The Thunderbolt  (real name: Yz) is a fictional character appearing in comics published by DC Comics and the name of other fictional genie variants within the 5th Dimension as well. Yz was originally portrayed as a genie-like character who hosts Johnny Thunder and then later Jakeem Thunder. He also appeared as an original and ordinary member of the Justice Society of America.

Jim Gaffigan and Seth Green each voiced the character in The CW television show Stargirl.

Publication history 

Thunderbolt (Yz) first appeared in Flash Comics #1, published with a cover date of January 1940, and was created by John Wentworth and Stan Aschmeier.

Fictional character biography
Yz is a fifth-dimensional genie who resided in a pen that was entrusted to Johnny Thunder on his birthday where the Badhnesians would use it to rule the world.
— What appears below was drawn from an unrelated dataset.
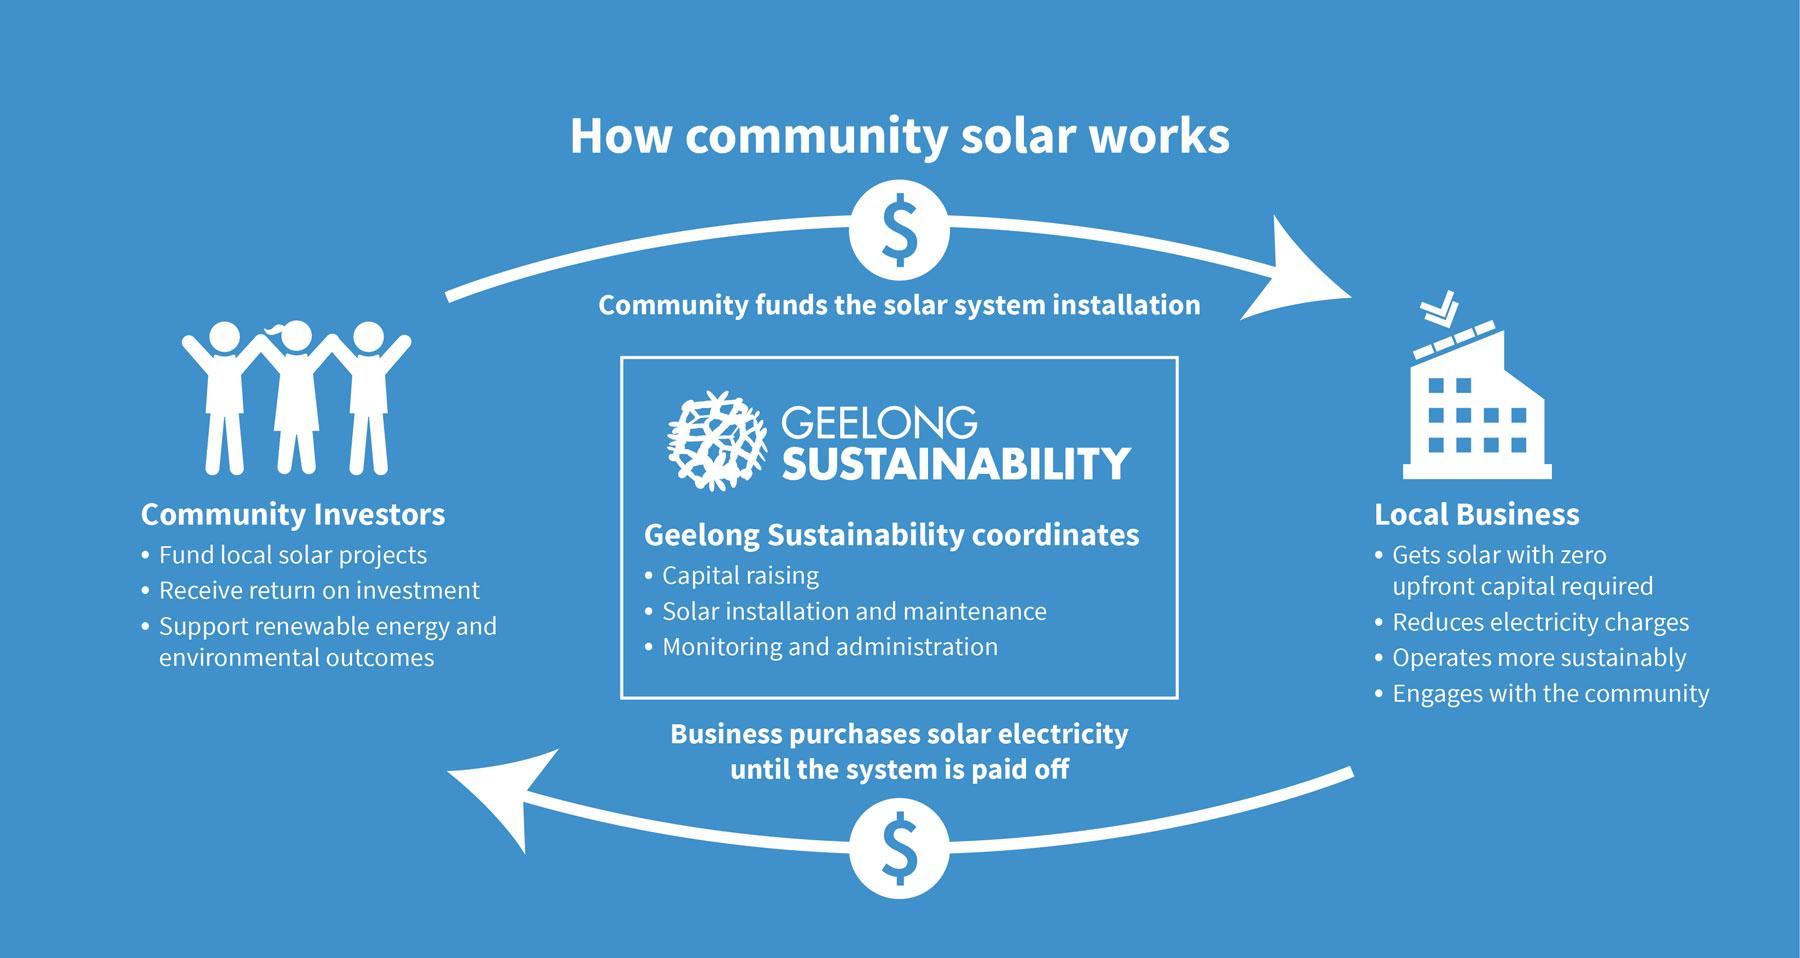 How-Community-Solar-Works--Infographic-Blue.jpg

This plan was thwarted when Badhnesia was attacked by a neighboring country. Later on, Johnny Thunder became aware of Thunderbolt's existence and the summoning word "cei-u".

In the early 1950s, Johnny is kidnapped by the Badhnesians with the intention of executing their original world conquest plan. With help from Thunderbolt, Johnny manages to summon Superman and the would-be conquerors' plans are defeated.

During Johnny Thunder's time with the Justice Society of America, his control over Thunderbolt was weakening due to a spell cast by Badhnesian priests.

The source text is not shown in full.